= WORK TASK =
Print the listing below only from the line that has "Marryler USB Flash" through the line that has "A complete backup", exactly, and drop any picture.

= DATA EXTRACTS =
---------------

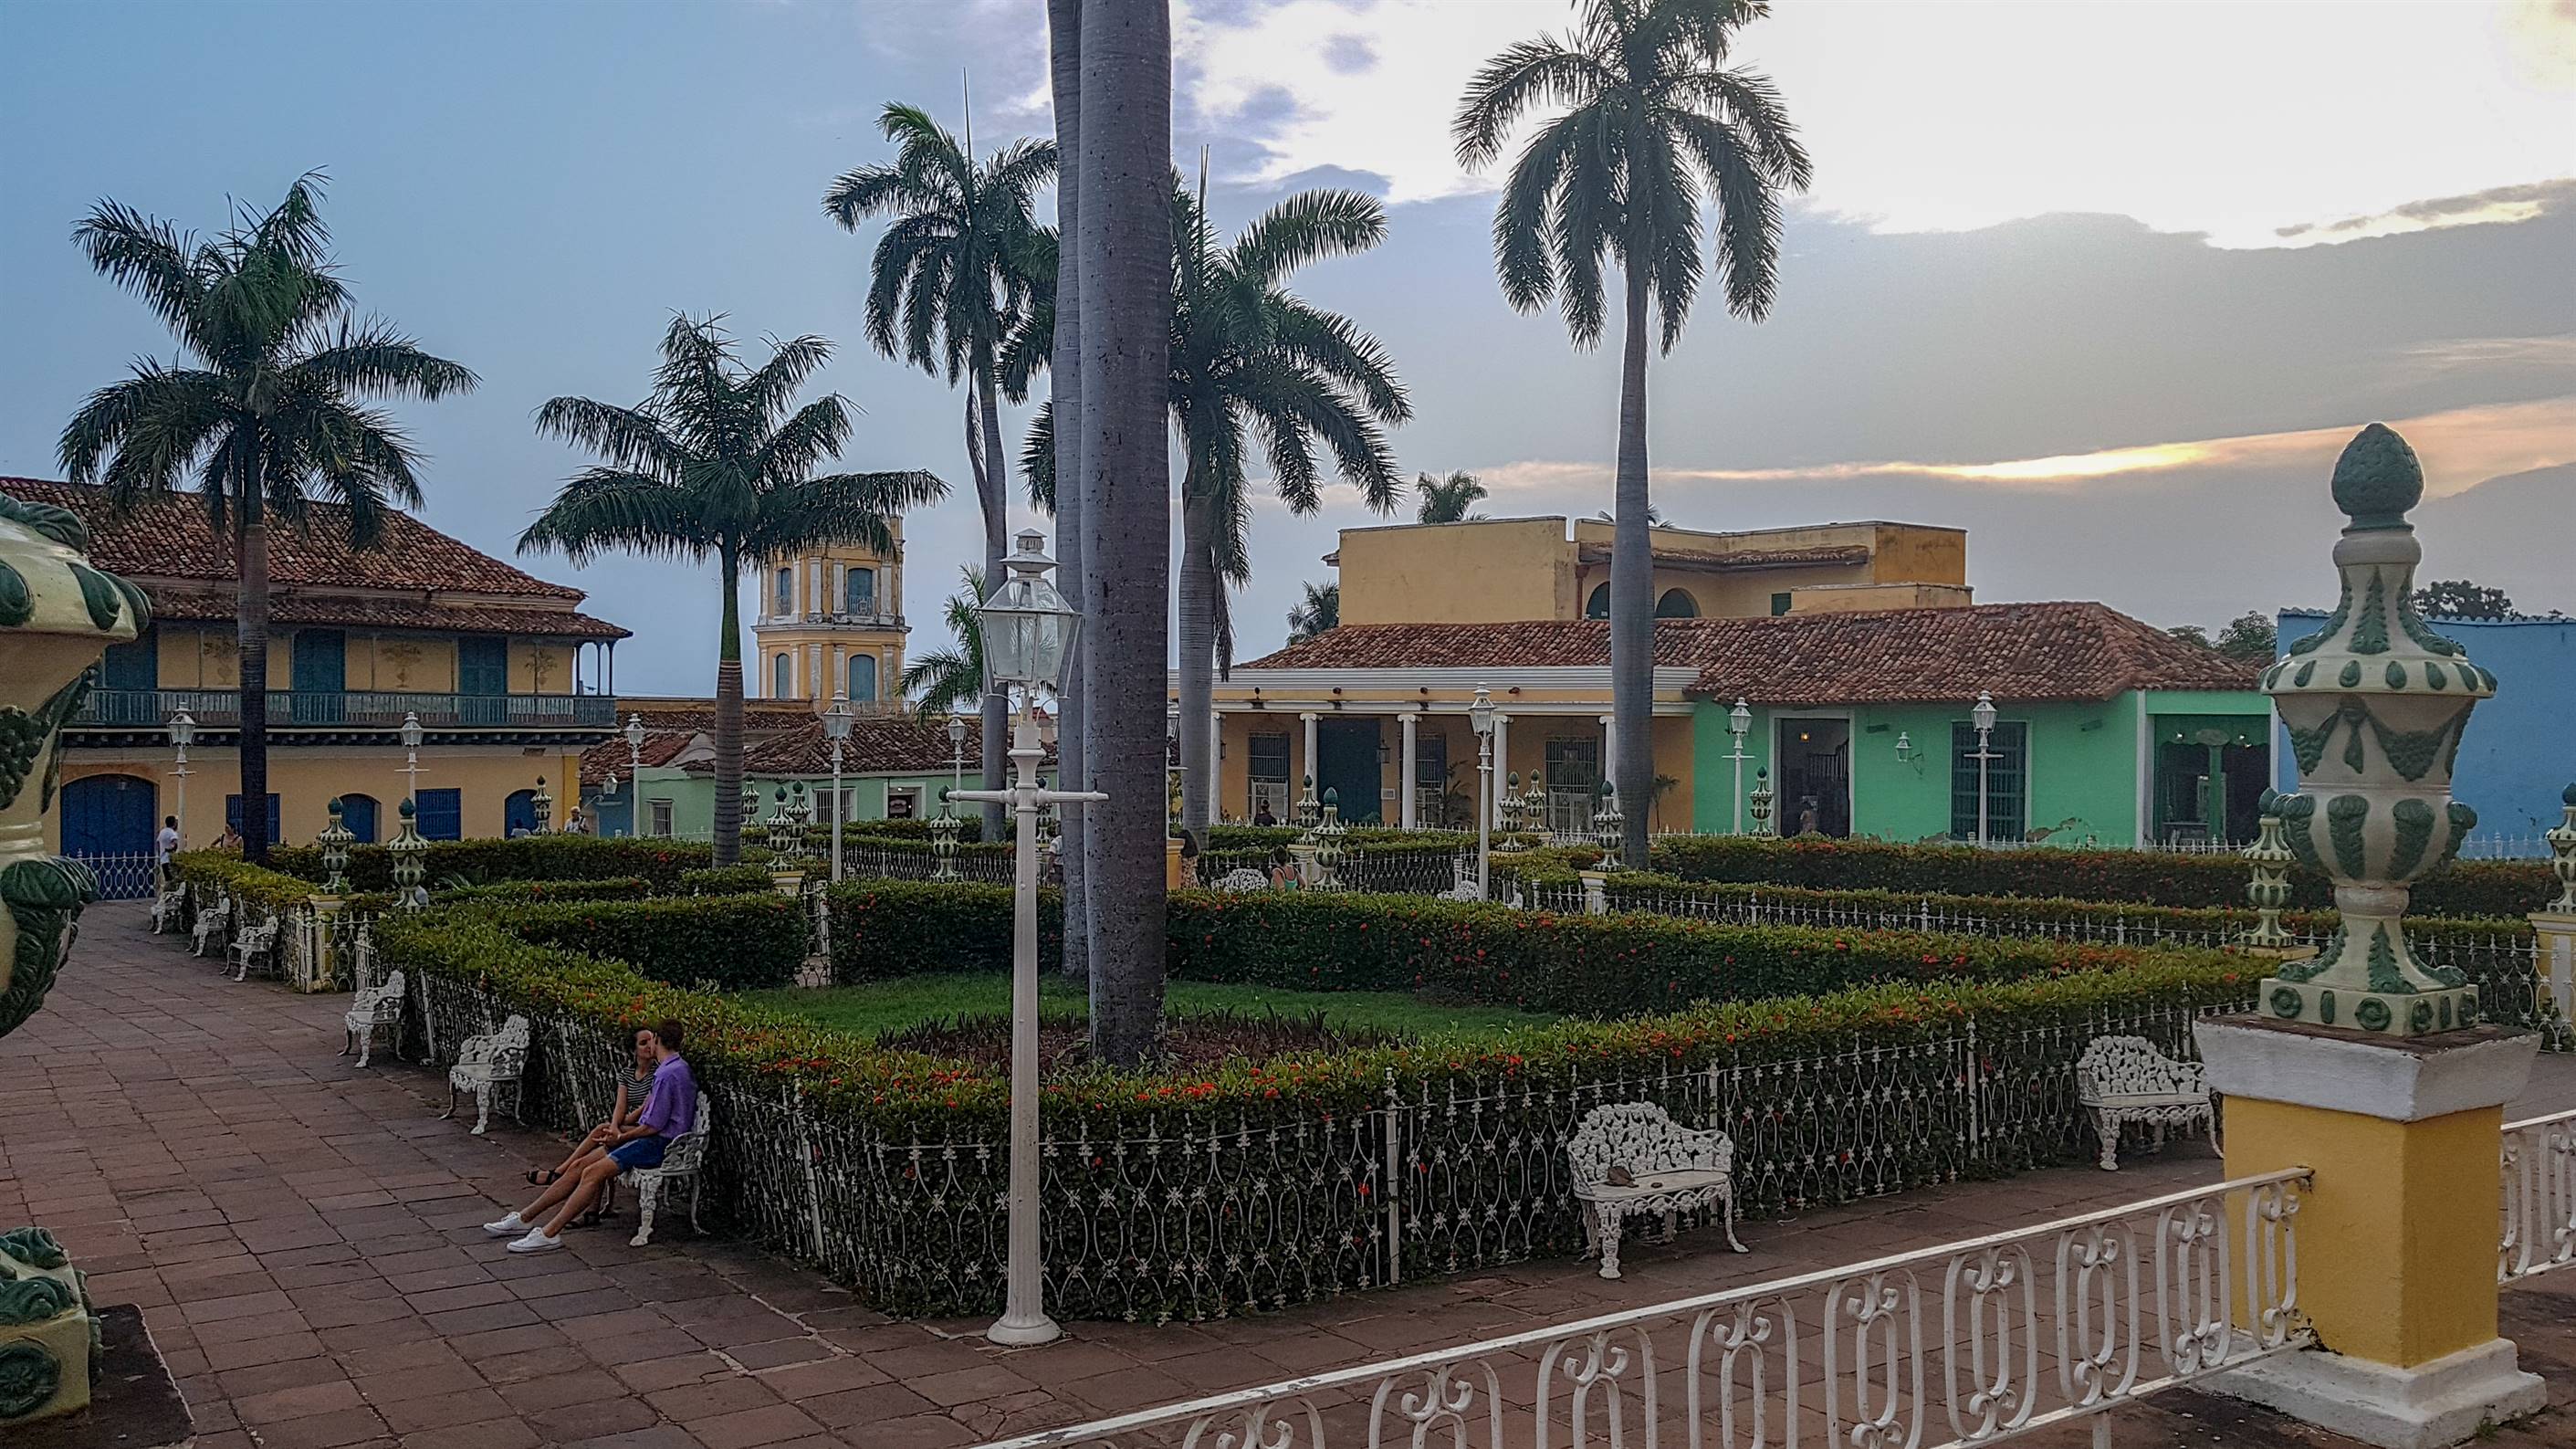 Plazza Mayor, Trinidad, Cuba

---------------

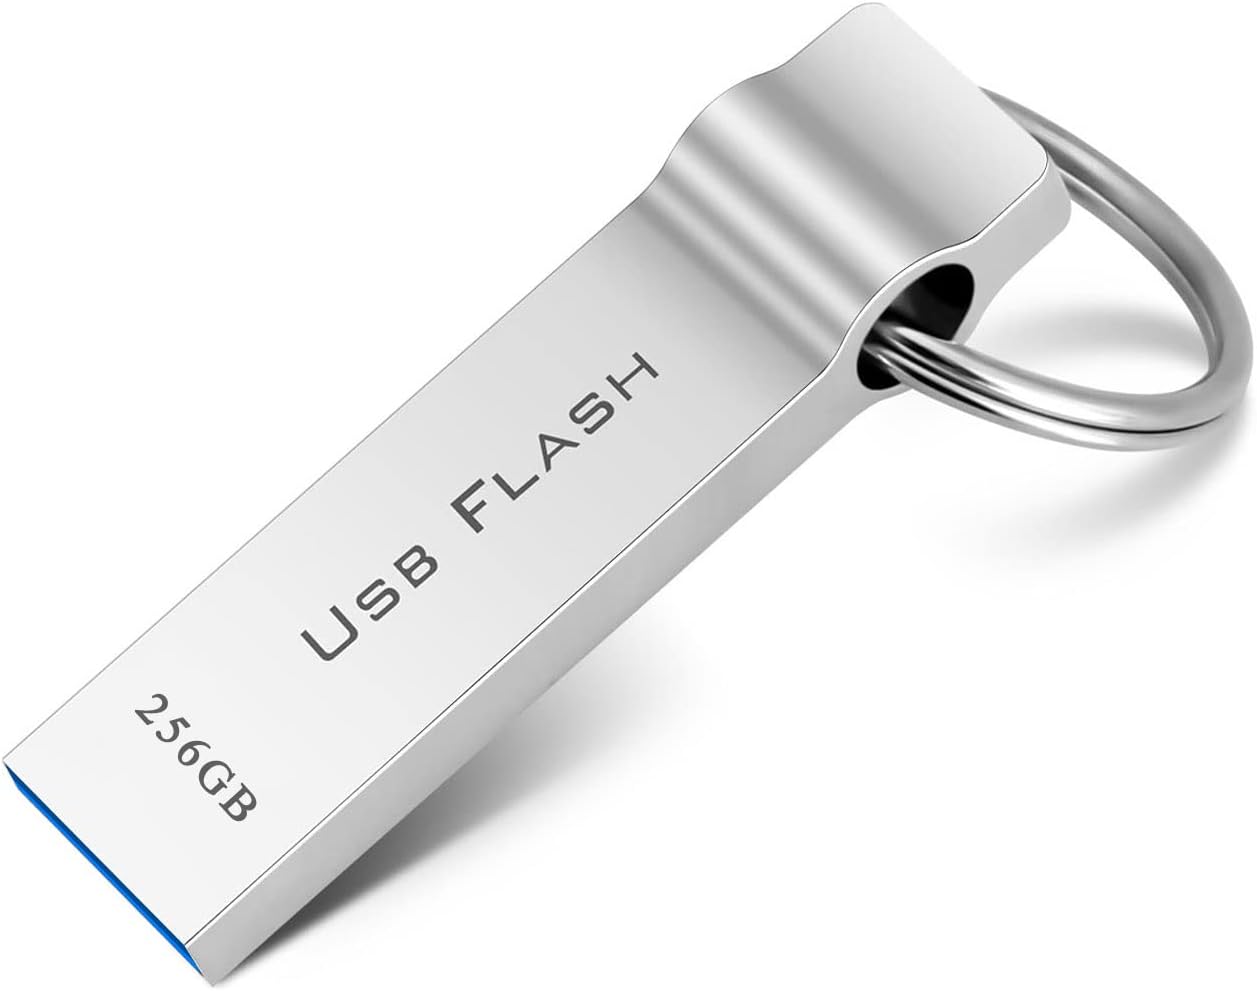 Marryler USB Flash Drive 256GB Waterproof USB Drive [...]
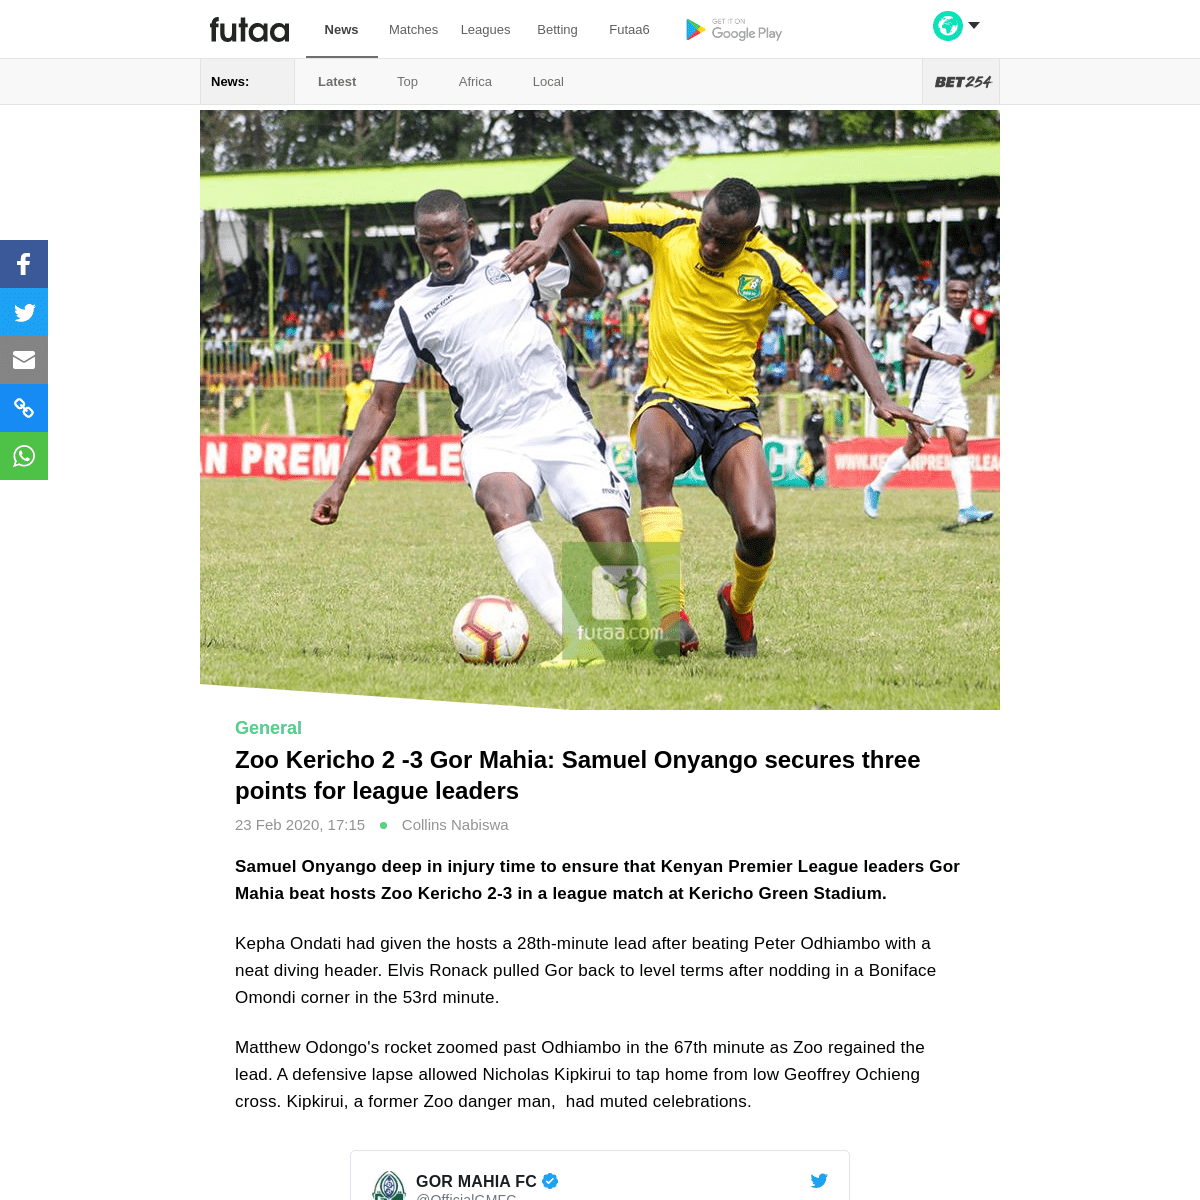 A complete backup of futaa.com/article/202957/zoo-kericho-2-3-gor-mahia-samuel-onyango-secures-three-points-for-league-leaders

---------------

= WRITTEN ANSWER =
 Marryler USB Flash Drive 256GB Waterproof USB Drive [...]
 A complete backup of futaa.com/article/202957/zoo-kericho-2-3-gor-mahia-samuel-onyango-secures-three-points-for-league-leaders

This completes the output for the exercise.